Aim of the exercise:
Keep the pictures out while you transcribe the listing below exactly.

Supplied information:
-- Opening Marker --

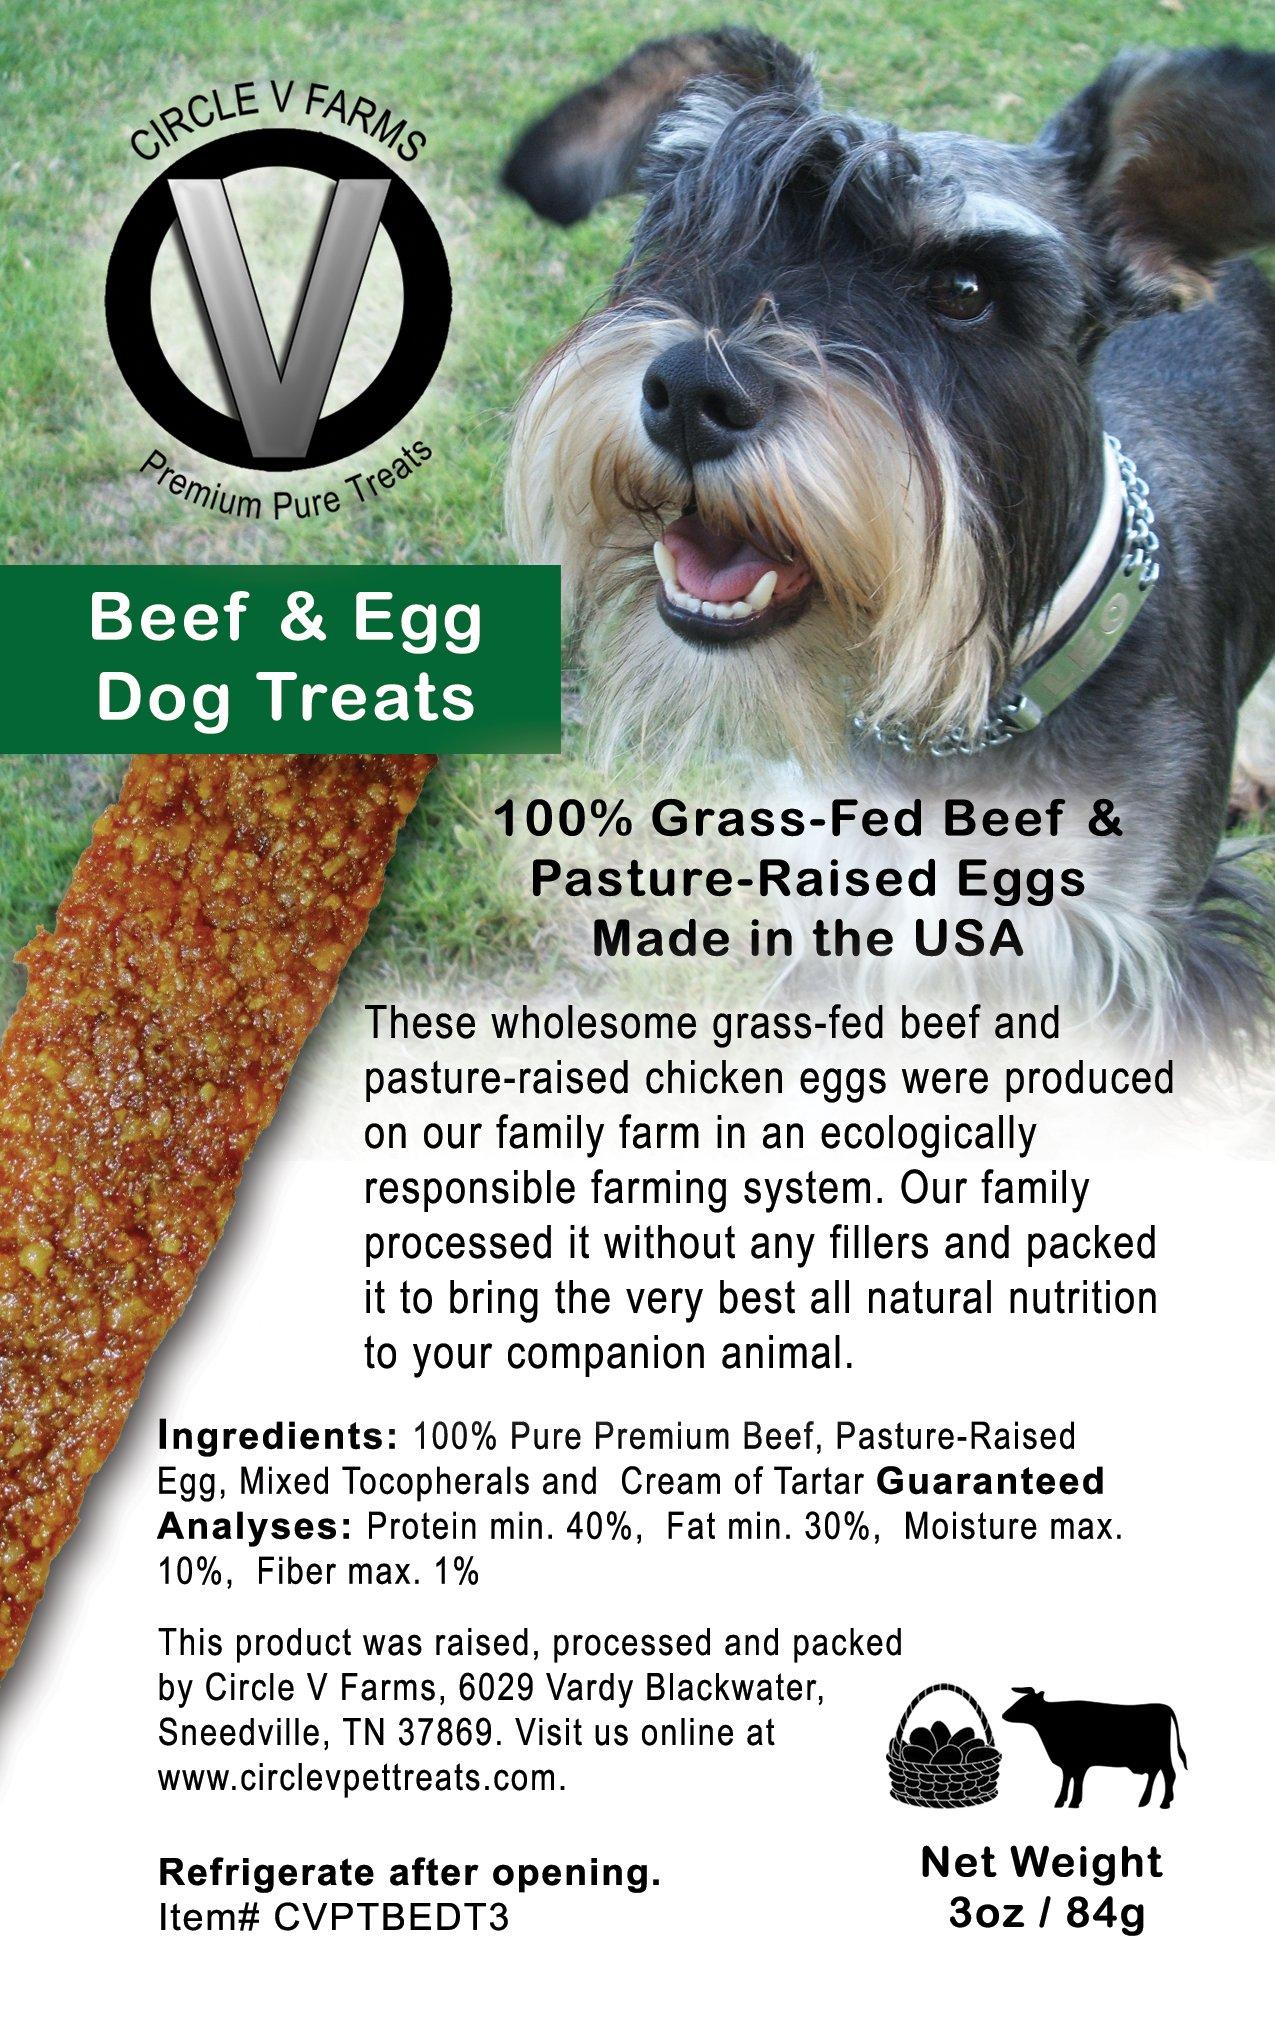 Circle V Beef & Egg Dog Treats
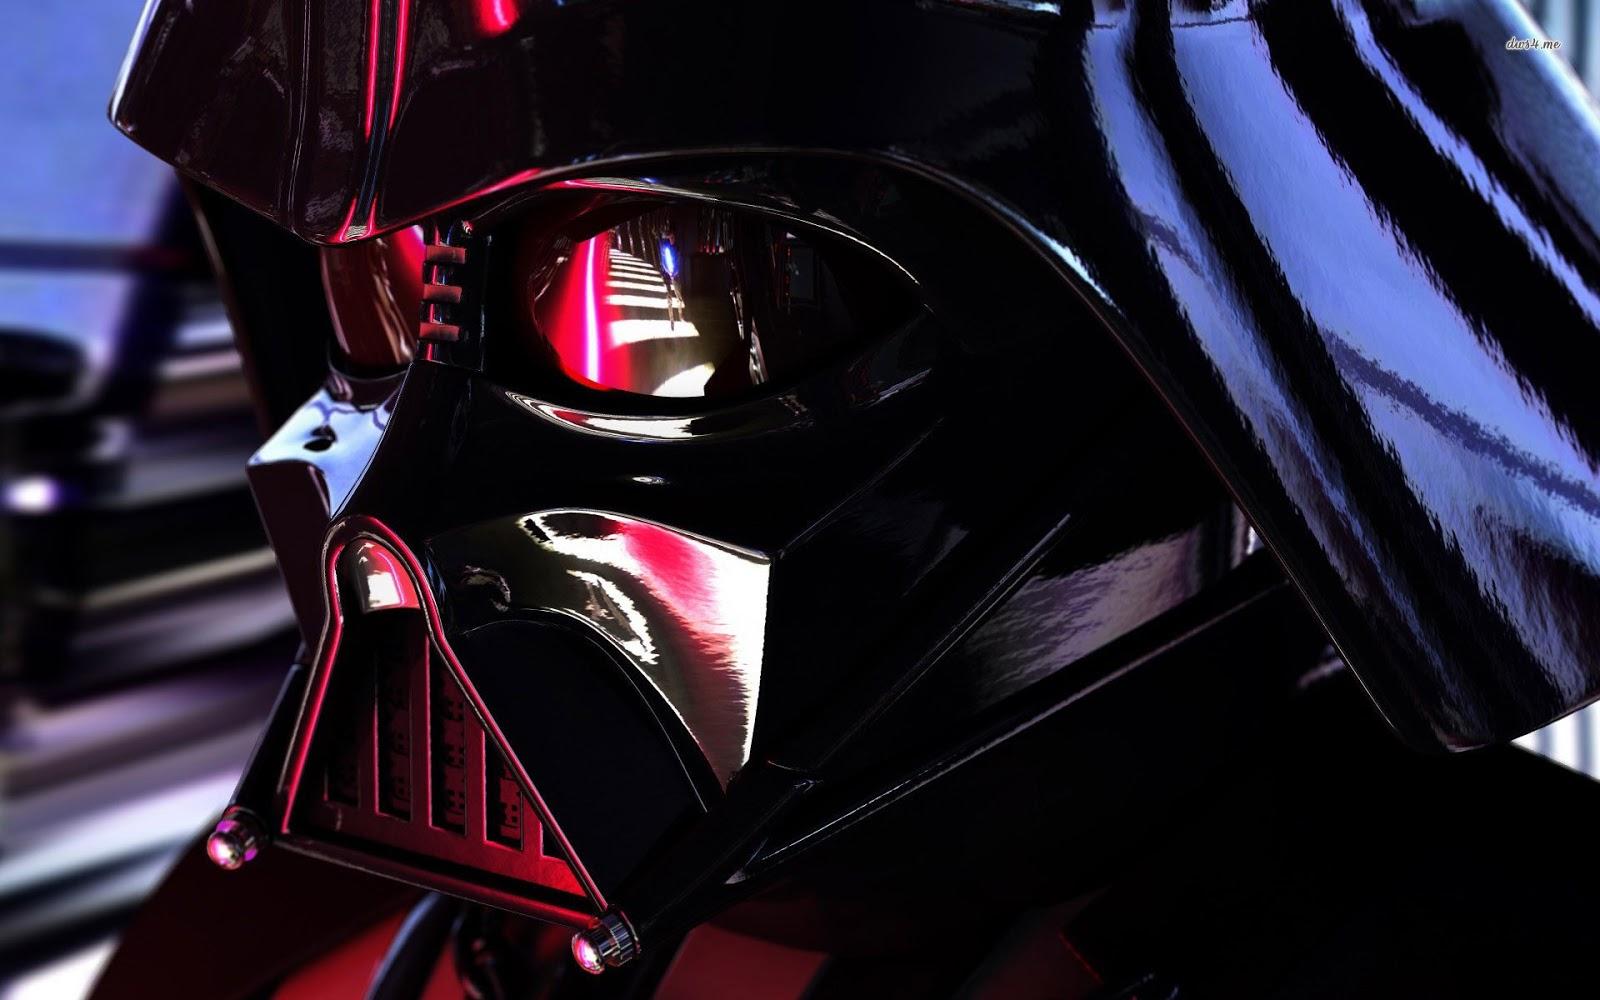 Demonic Darth Vader Wallpaper - 1080p Darth Vader Wallpaper Hd , HD Wallpaper & Backgrounds
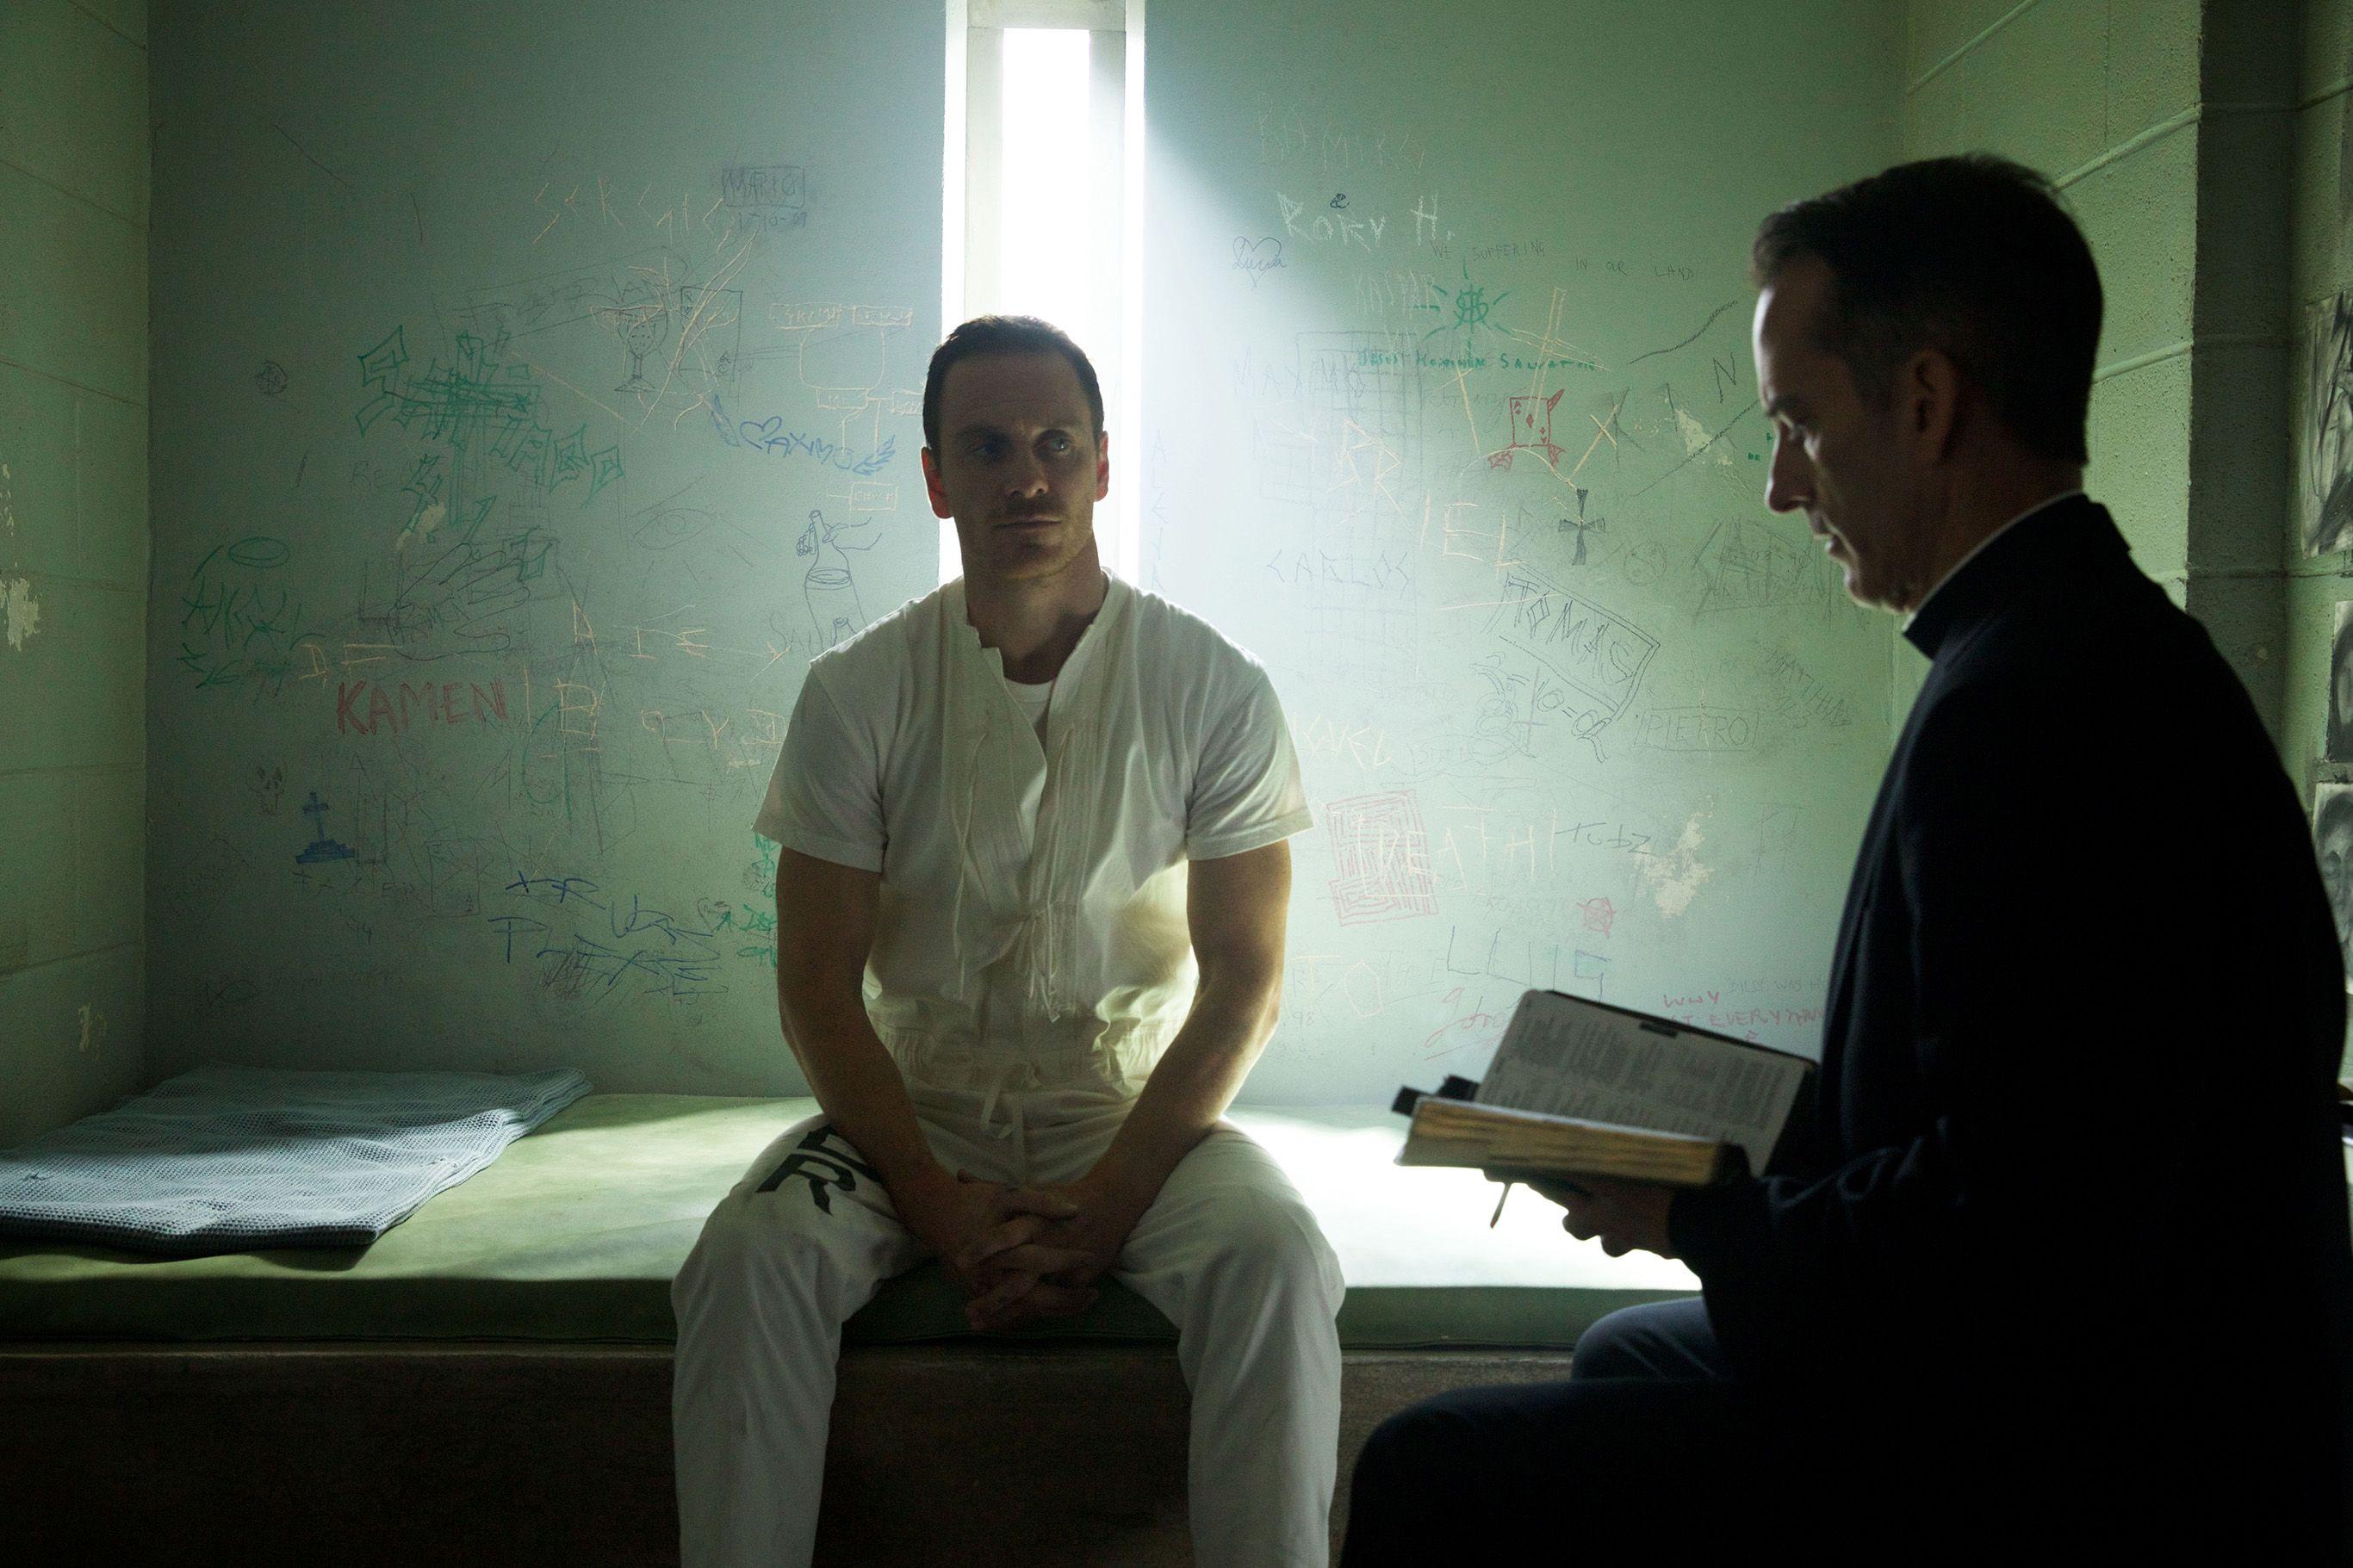 Assassin's Creed Movie: X-Men Magneto Michael Fassbender Behind Bars - http://www.morningledger.com/assassins-creed-movie-x-men-magneto-michael-fassbender-behind-bars/1361606/

-- Closing Marker --

Result of this exercise:
 Circle V Beef & Egg Dog Treats
 Demonic Darth Vader Wallpaper - 1080p Darth Vader Wallpaper Hd , HD Wallpaper & Backgrounds
 Assassin's Creed Movie: X-Men Magneto Michael Fassbender Behind Bars - http://www.morningledger.com/assassins-creed-movie-x-men-magneto-michael-fassbender-behind-bars/1361606/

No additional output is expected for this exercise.